**Task prompt**: Return all of the data that follows precisely, leaving every image out.

**Given data**:
-----
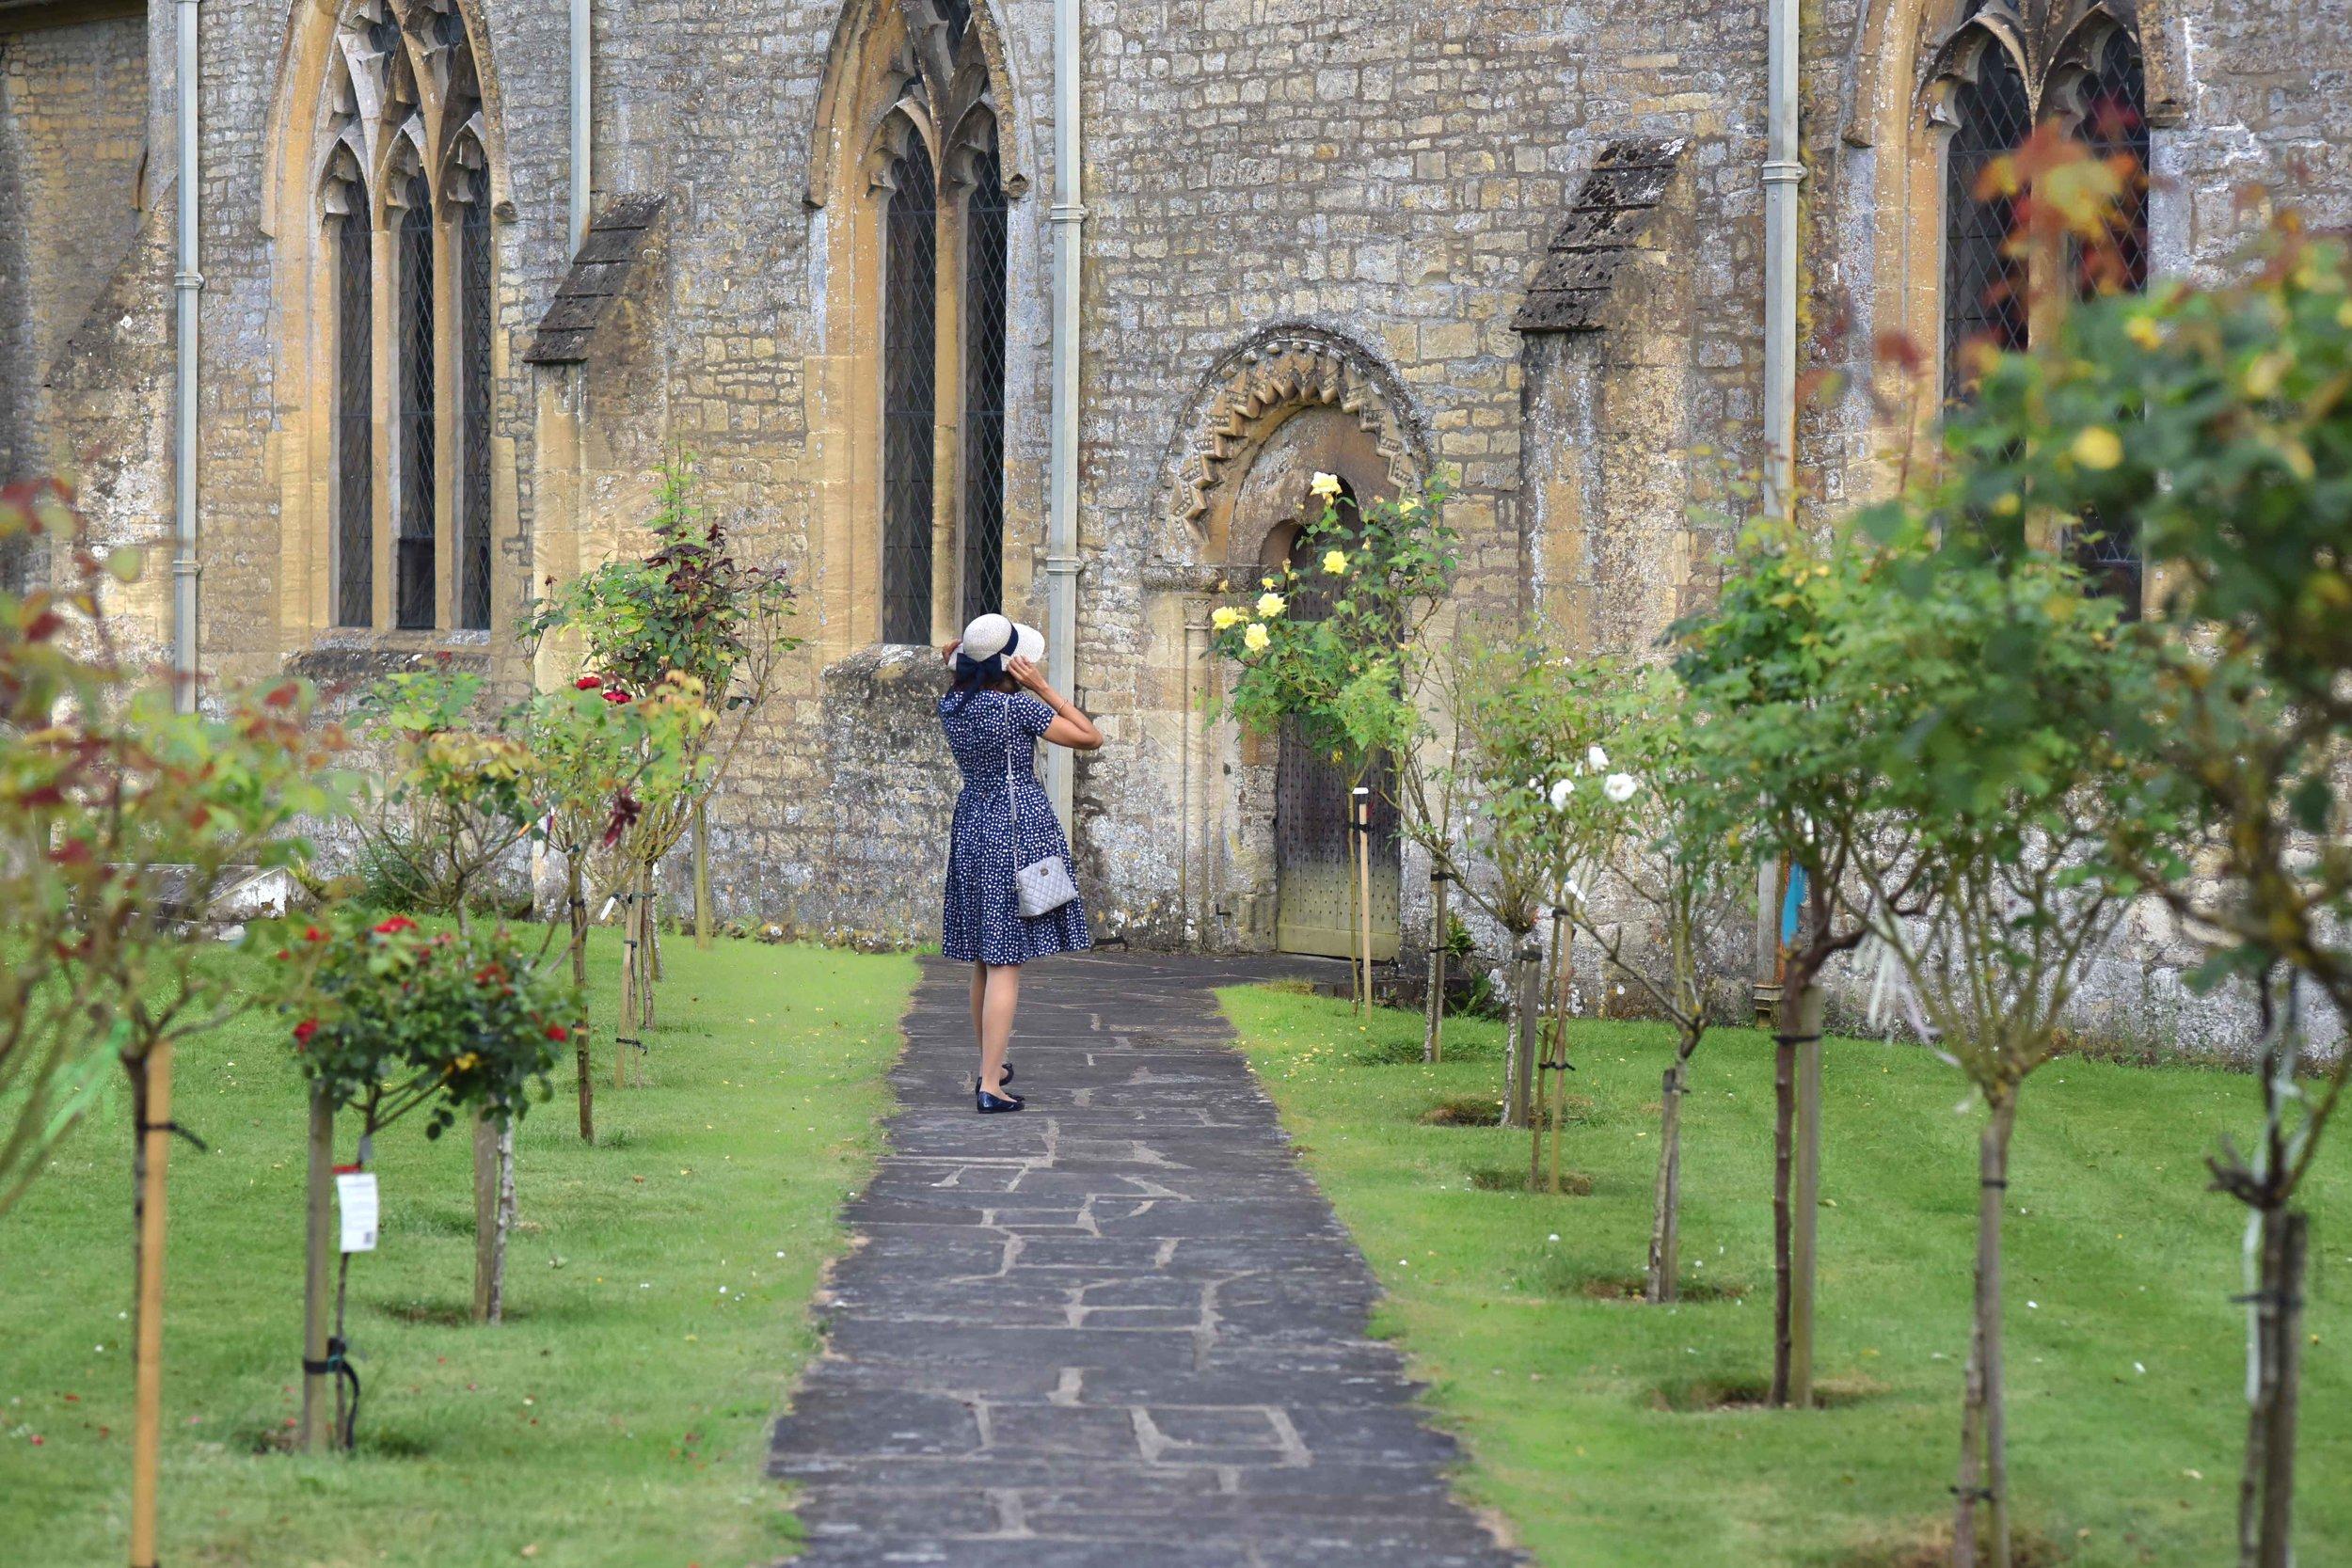 Prada dress, Saint Mary's church, Bibury, Cotswold, England. Image©sourcingstyle.com
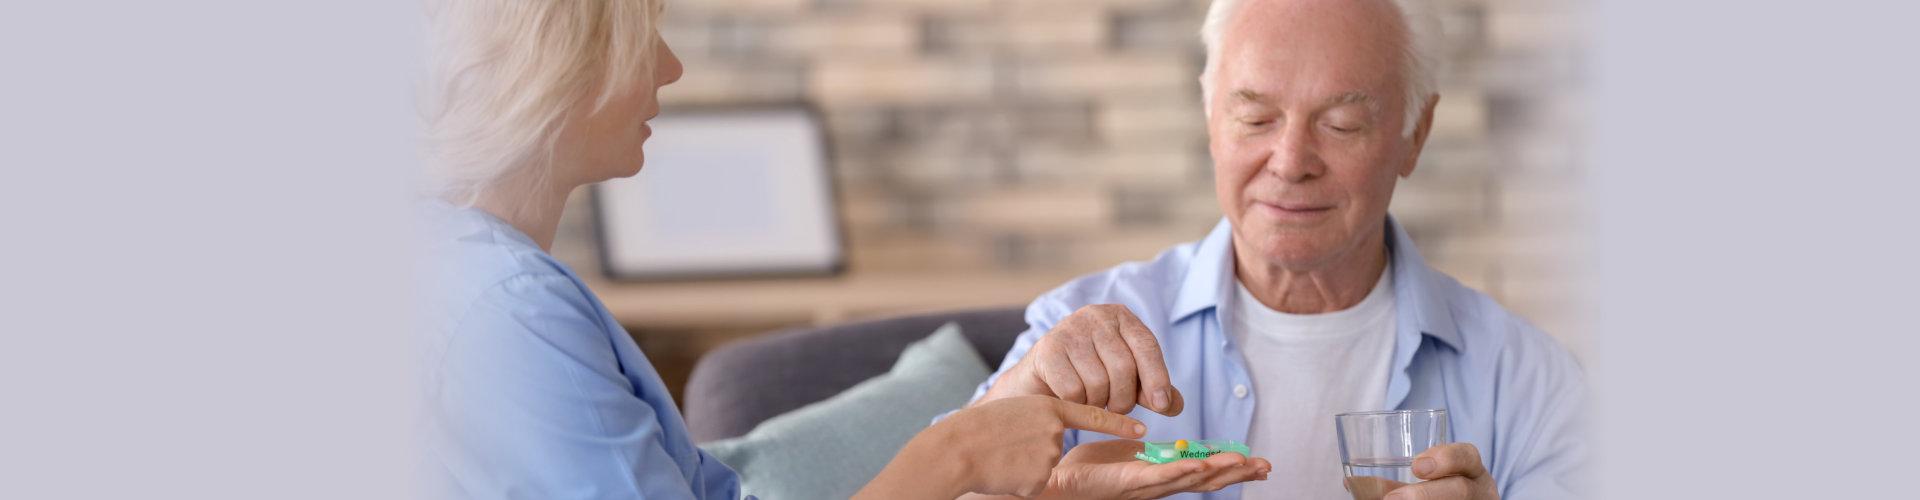 woman giving medicine to senior men at home
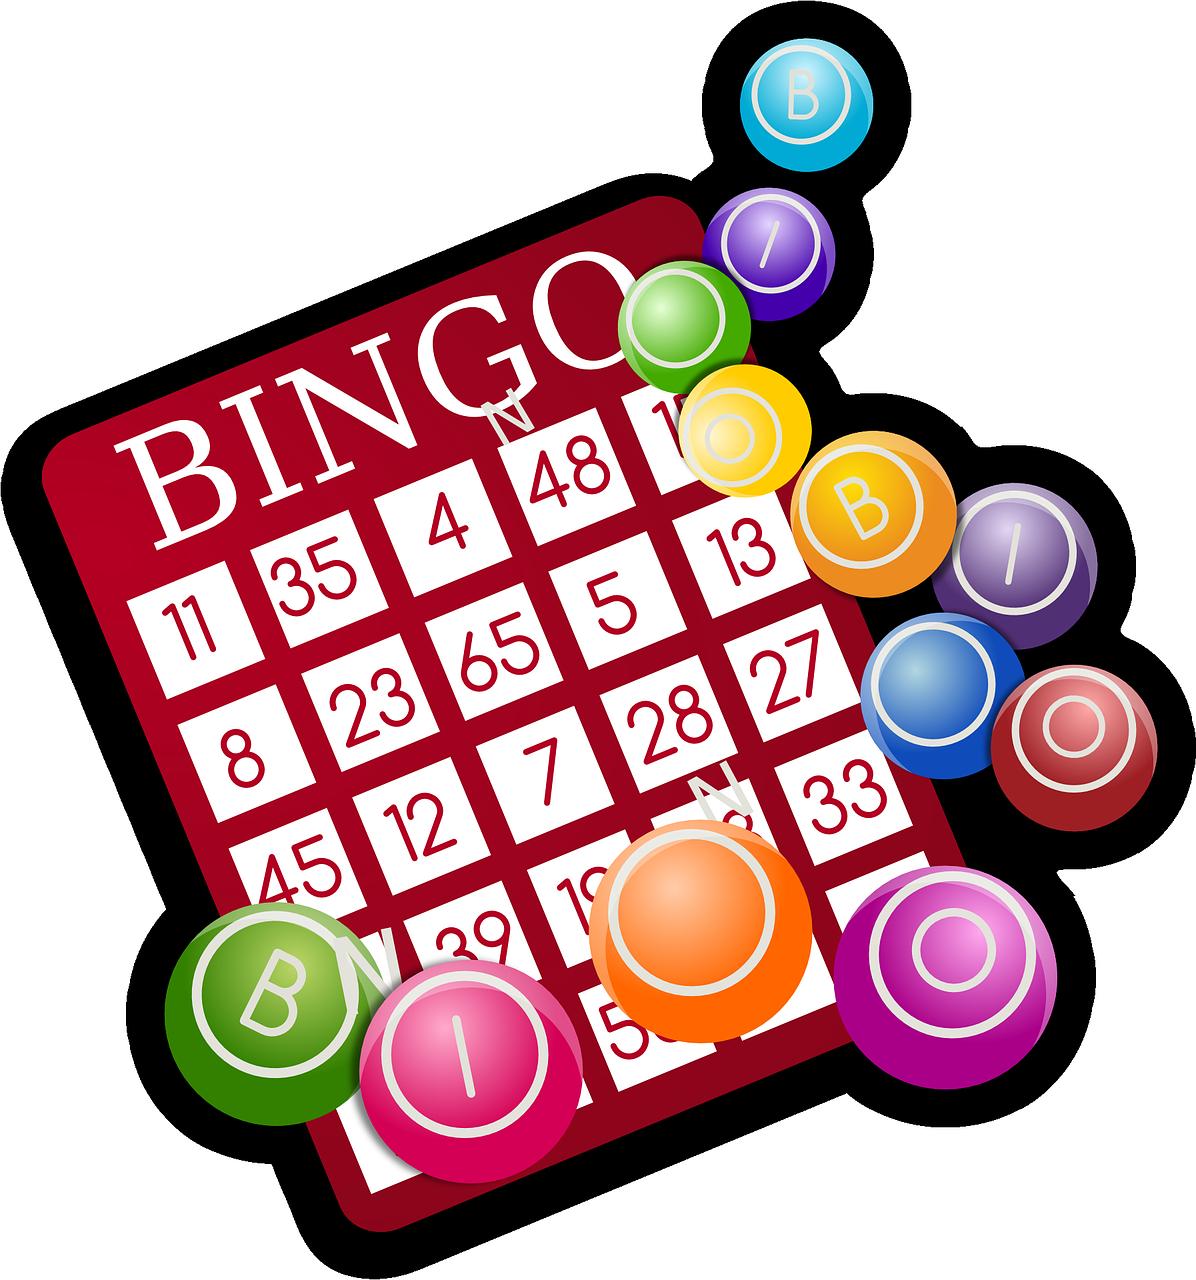 https://pixabay.com/en/bingo-gambling-game-luck-159974/
-----
**Answer to the exercise**:
 Prada dress, Saint Mary's church, Bibury, Cotswold, England. Image©sourcingstyle.com
 woman giving medicine to senior men at home
 https://pixabay.com/en/bingo-gambling-game-luck-159974/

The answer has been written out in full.